<<<<

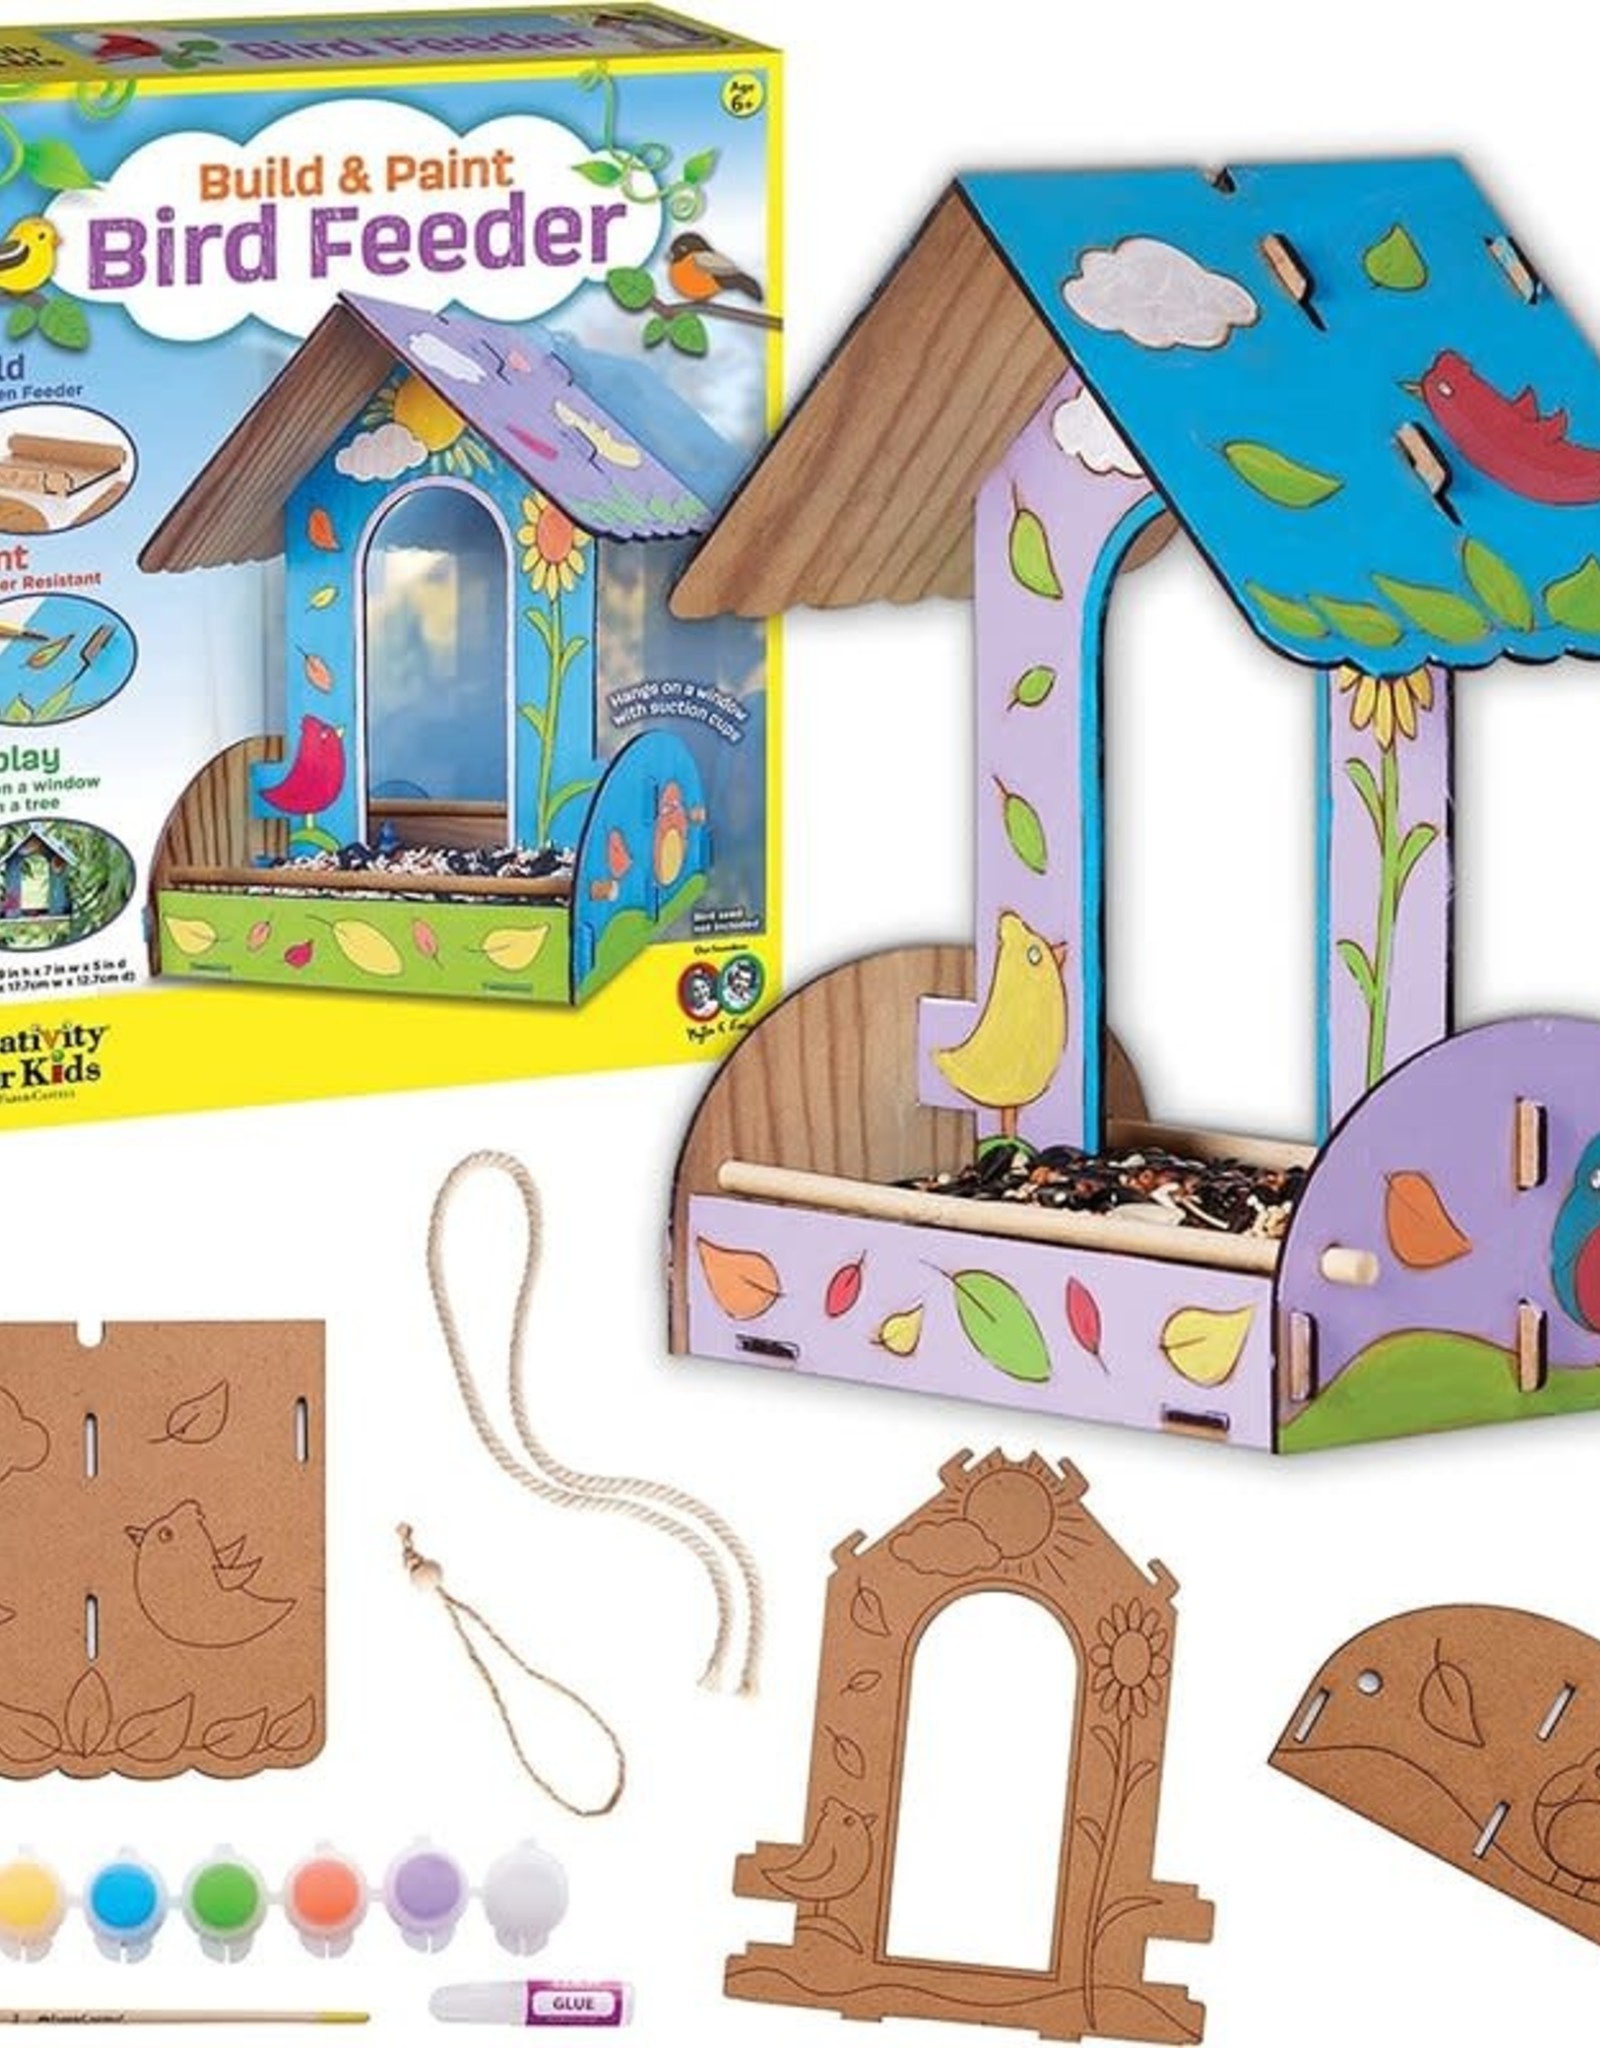 Creativity For Kids Build & Paint Bird Feeder
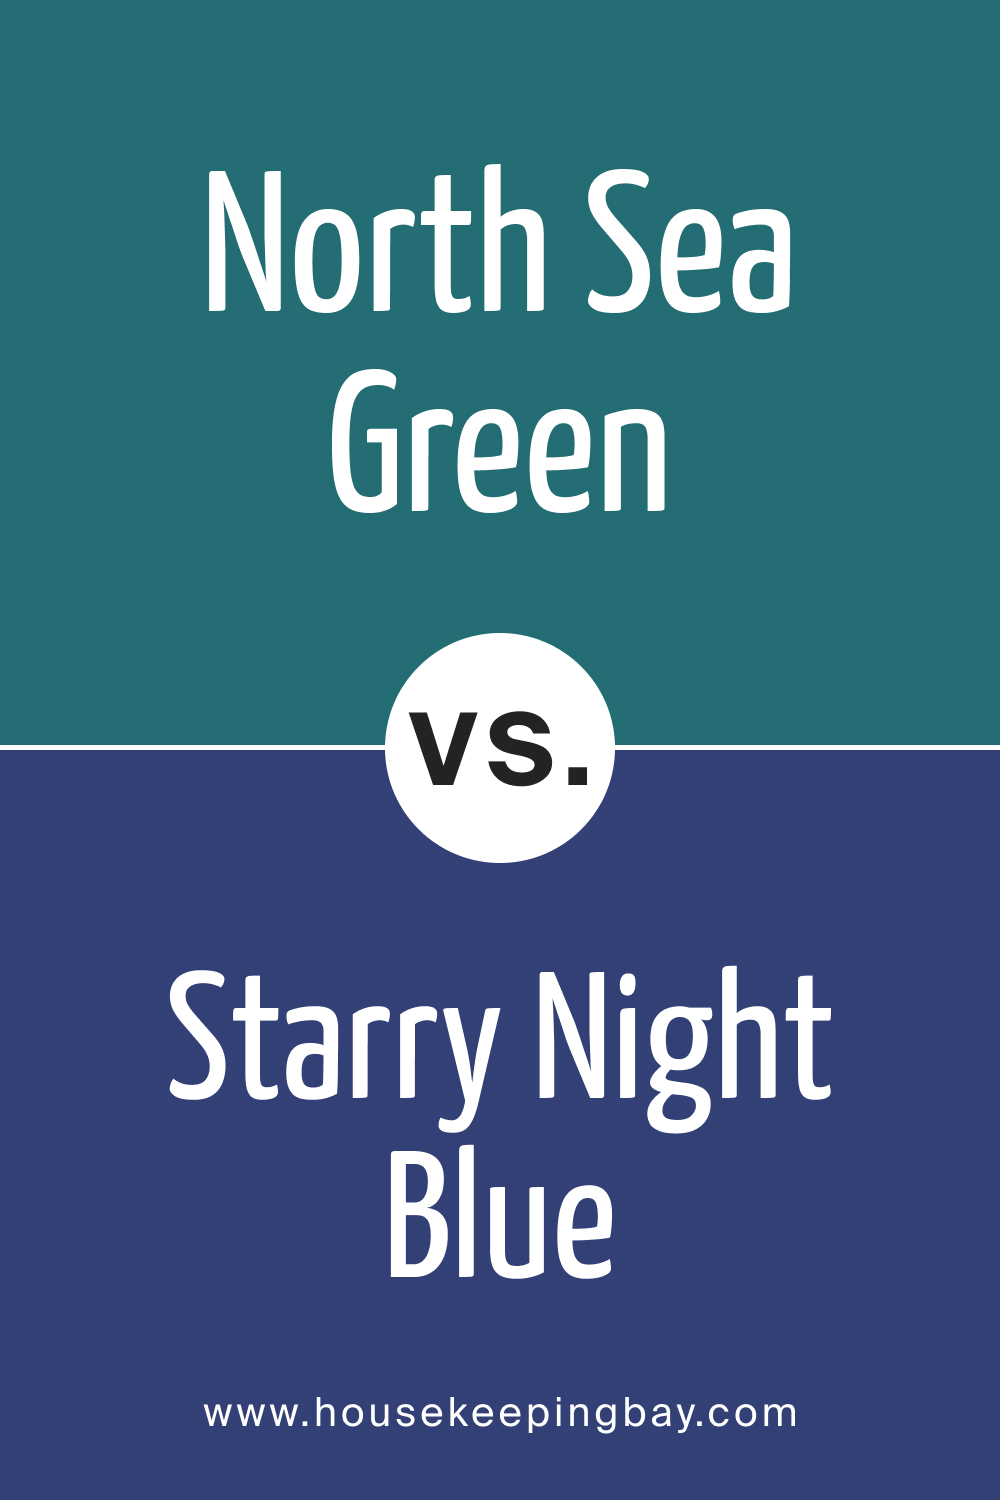 North Sea Green 2053 30 vs. Starry Night Blue 2067 20
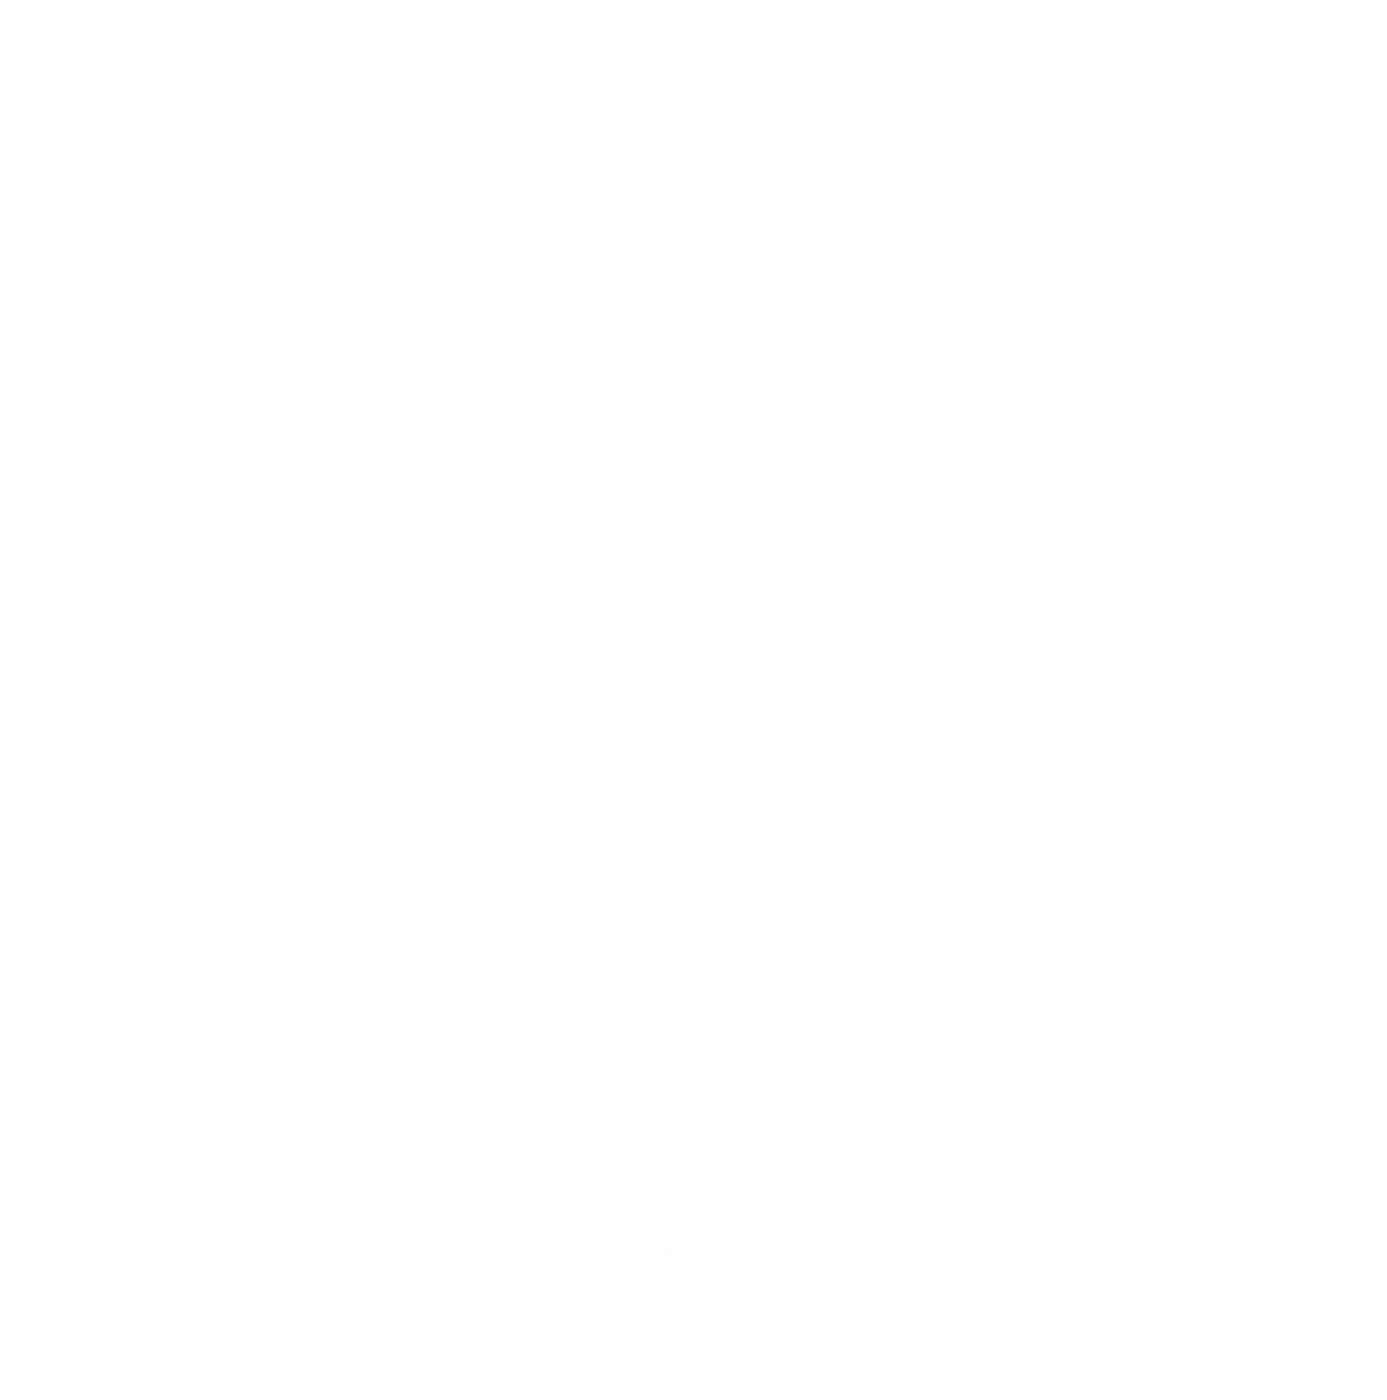 Rentalcars.com Award logo

>>>>

▶ _ABOUT THIS EXERCISE_:
Leaving out the pictures, output each line above exactly as it is.

▶ _ANSWER TO THE PROBLEM_:
 Creativity For Kids Build & Paint Bird Feeder
 North Sea Green 2053 30 vs. Starry Night Blue 2067 20
 Rentalcars.com Award logo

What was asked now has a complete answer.